INFORMATION REQUIRED IN THE REGISTRATION STATEMENT

Item 3.   Incorporation of Documents by Reference.

          The following documents that the Registrant has filed with or
furnished to the Securities and Exchange Commission (the "Commission") are
incorporated in this Registration Statement by reference and made a part hereof:

          (a)  The Registrant's Annual Report on Form 20-F filed with the
               Commission on March 31, 2003;

          (b)  The Registrant's Reports on Form 6-K filed with the Commission on
               May 2, 2003, May 14, 2003, May 15, 2003, May 30, 2003, June 18,
               2003, July 3, 2003, July 15, 2003, August 1, 2003 and August 13,
               2003; and

          (c)  The description of the Registrant's Common Shares set forth under
               the caption "Description of Share Capital" in the Registrant's
               Registration Statement on Form F-1/A (Registration No.
               333-81322), filed with the Commission on February 26, 2002.

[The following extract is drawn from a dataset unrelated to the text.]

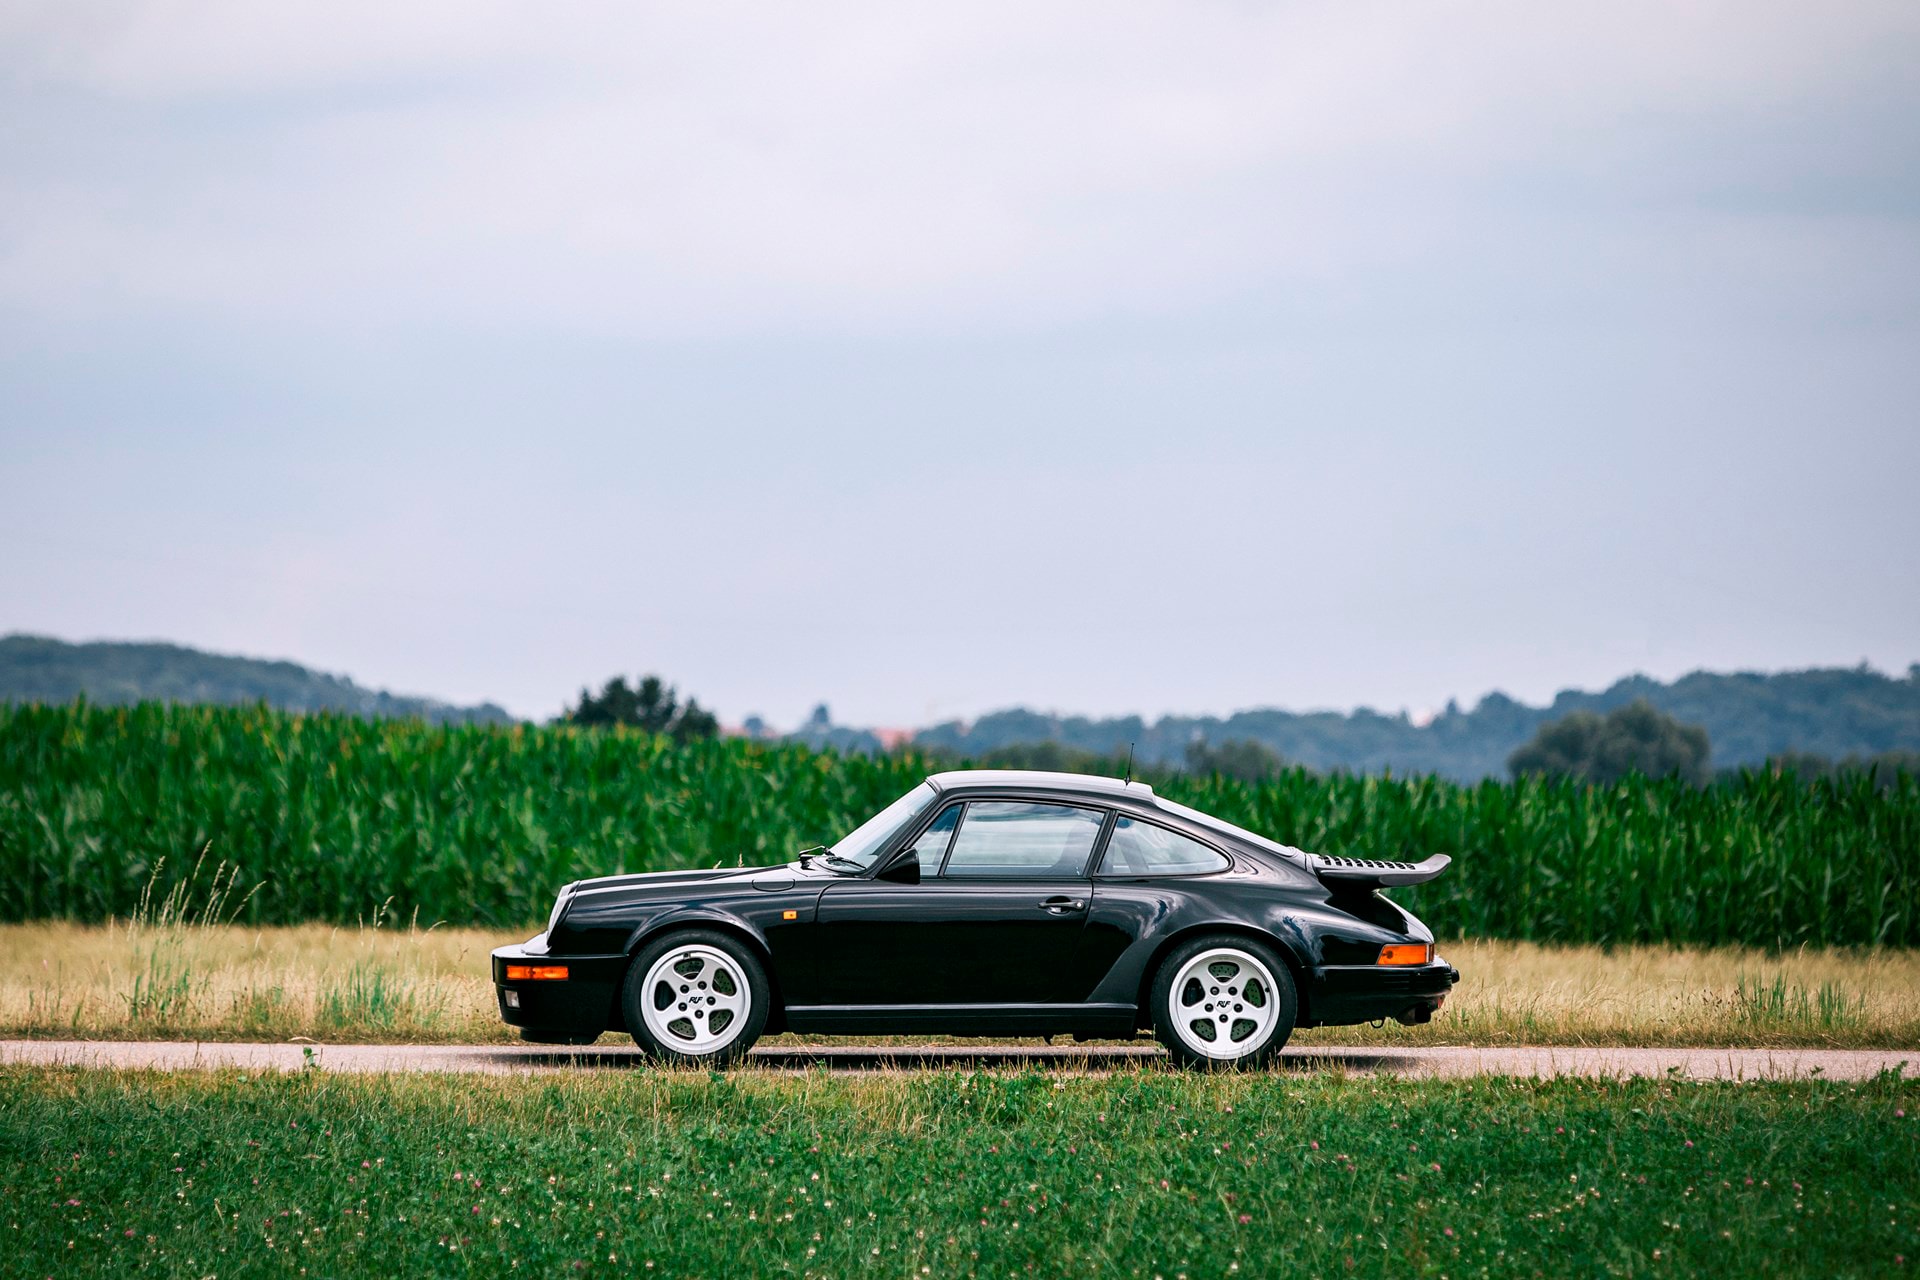 Porsche 911をベースにした1980年代後期の公道最速車両 RUF CTR  「Ferrari」や「Lamborghini」をも凌駕したヴィンテージスポーツカーの傑作 1939年創業の「RUF（ルーフ）」は、ただの「Porsche（ポルシェ）」のチューニングメーカーではない。排気ガスや耐久性などの社会的責任を持つことからドイツ自動車工業会への所属が認められており、Porsche 911をベースとしながらも車体、シャシー、エンジンの全てを徹底的に改良したCTRは、今なお名車としてクルマ好きの脳裏にその存在が刻まれている。  それもそのはず、CTRは1989年当時、市販車として購入できるモデルの最速レコードを保持していたのだ。「Ferrari（フェラリー）」の288GTO、「Mercedes-AMG（メルセデスAMG）」の560SEC 6.0-4V、「Lamborghini（ランボルギーニ）」のCountach、「Porsche」の959など、各メーカーがこぞってスペックの高いモデルを世に送りこんでいたあの時代、イエローバードの愛称で親しまれるCTRは「Road & Track」誌の市販車最速企画で「Ferrari」のF40が持っていた323km/hを塗り替える339.8km/hを記録し、その名を世界に知らしめた。  そんな4輪乗りのロマンとも言える一台より、故障もリストアもされていないオリジナル車両が世界最高峰のオークション「RM Sotheby's」に登場。ここまで状態が良く、52,200kmしか走行していないCTRが市場に姿を現すことは金輪際ないかもしれない。  クルマ好きでもそうでなくとも、その洗練されたプロダクトデザインを是非、上のフォトギャラリーから堪能してみてはいかがだろうか。  推定落札価格の2倍の値がついた「Mercedes-Benz」の300 SL 後期モデルや、世に出回ることのなかった1961年製の幻のオープンカー Plymouth Asimmetrica Concept

          All documents filed by the Registrant pursuant to Sections 13(a),
13(c), 14 and 15(d) of the Exchange Act subsequent to the effective date of this
Registration Statement, but prior to the filing of a post-effective amendment to
this Registration Statement indicating that all securities offered hereby have
been sold or de-registering all securities then remaining unsold, shall be
deemed to be incorporated by reference herein and to be a part hereof from the
date of filing of such documents.

          Any statement contained herein or in any document incorporated or
deemed to be incorporated by reference herein shall be deemed to be modified or
superseded for purposes of this Registration Statement to the extent that a
statement contained herein or in any other subsequently filed document which
also is or is deemed to be incorporated by reference herein modifies or
supersedes such statement. Any such statement so modified or superseded shall
not be deemed to constitute a part of this Registration Statement, except as so
modified or superseded.

Item 4.   Description of Securities.

          Not applicable.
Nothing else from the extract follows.